Material provided →
===
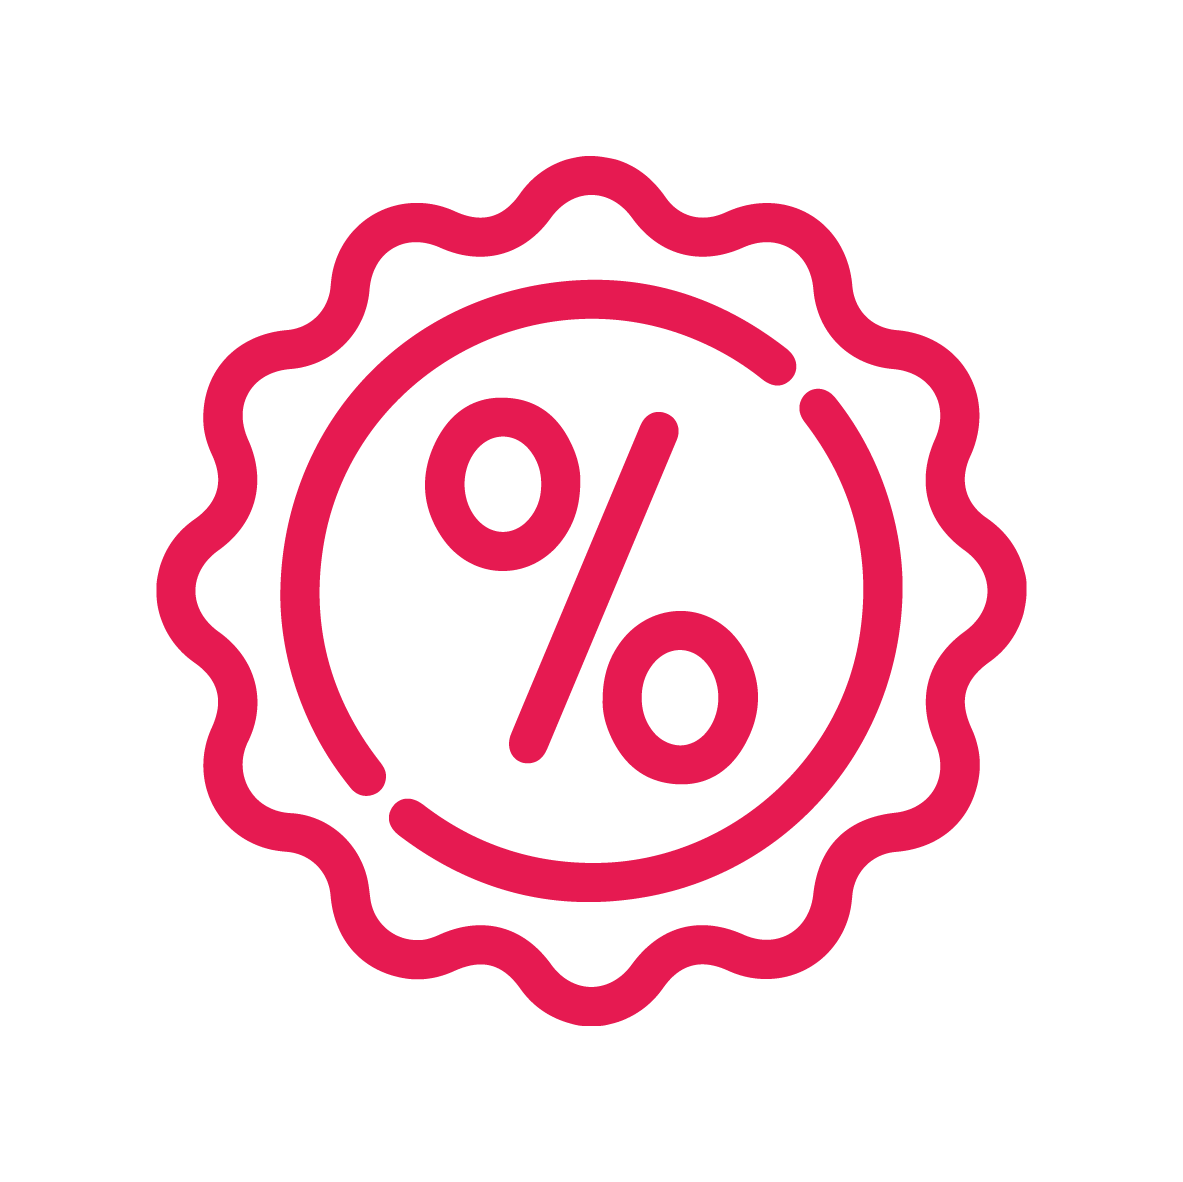 Percent off badge icon
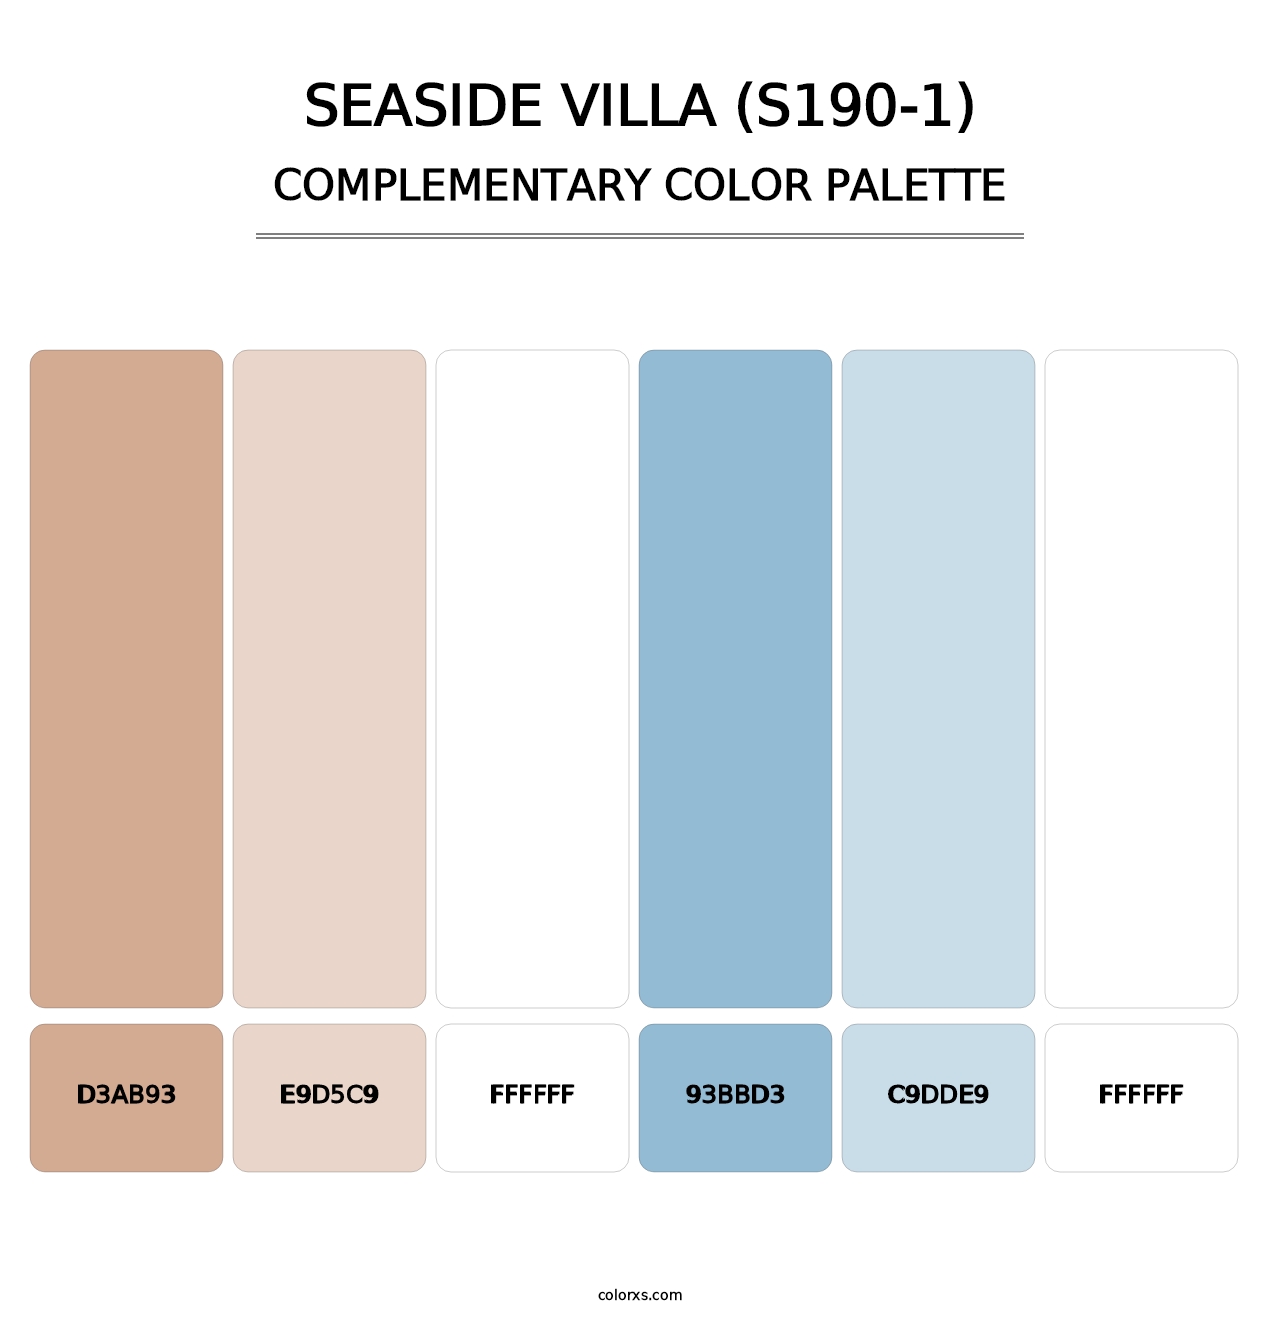 Seaside Villa (S190-1) - Complementary Color Palette
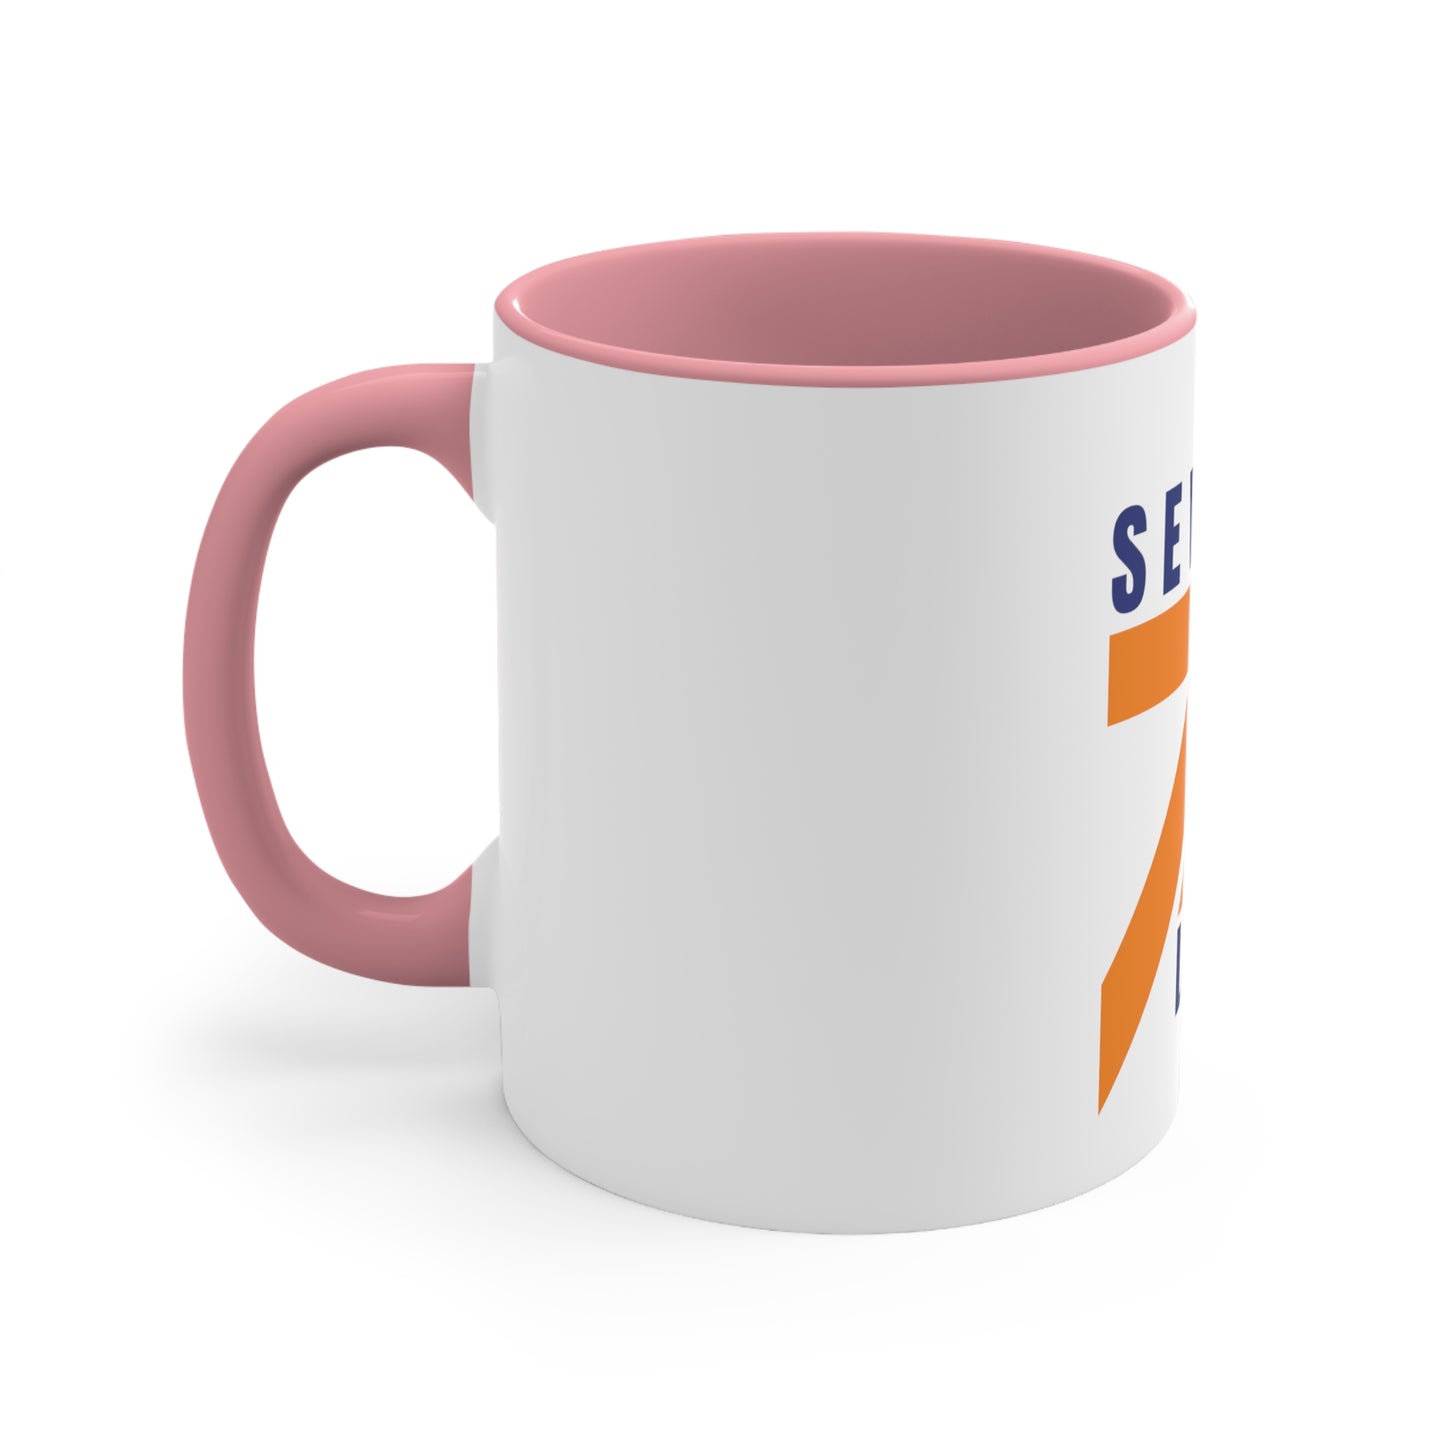 7L Band - Accent Coffee Mug, 11oz
===
Task goal → Exclude the images, then output the data above word for word.

Reply →
 Percent off badge icon
 Seaside Villa (S190-1) - Complementary Color Palette
 7L Band - Accent Coffee Mug, 11oz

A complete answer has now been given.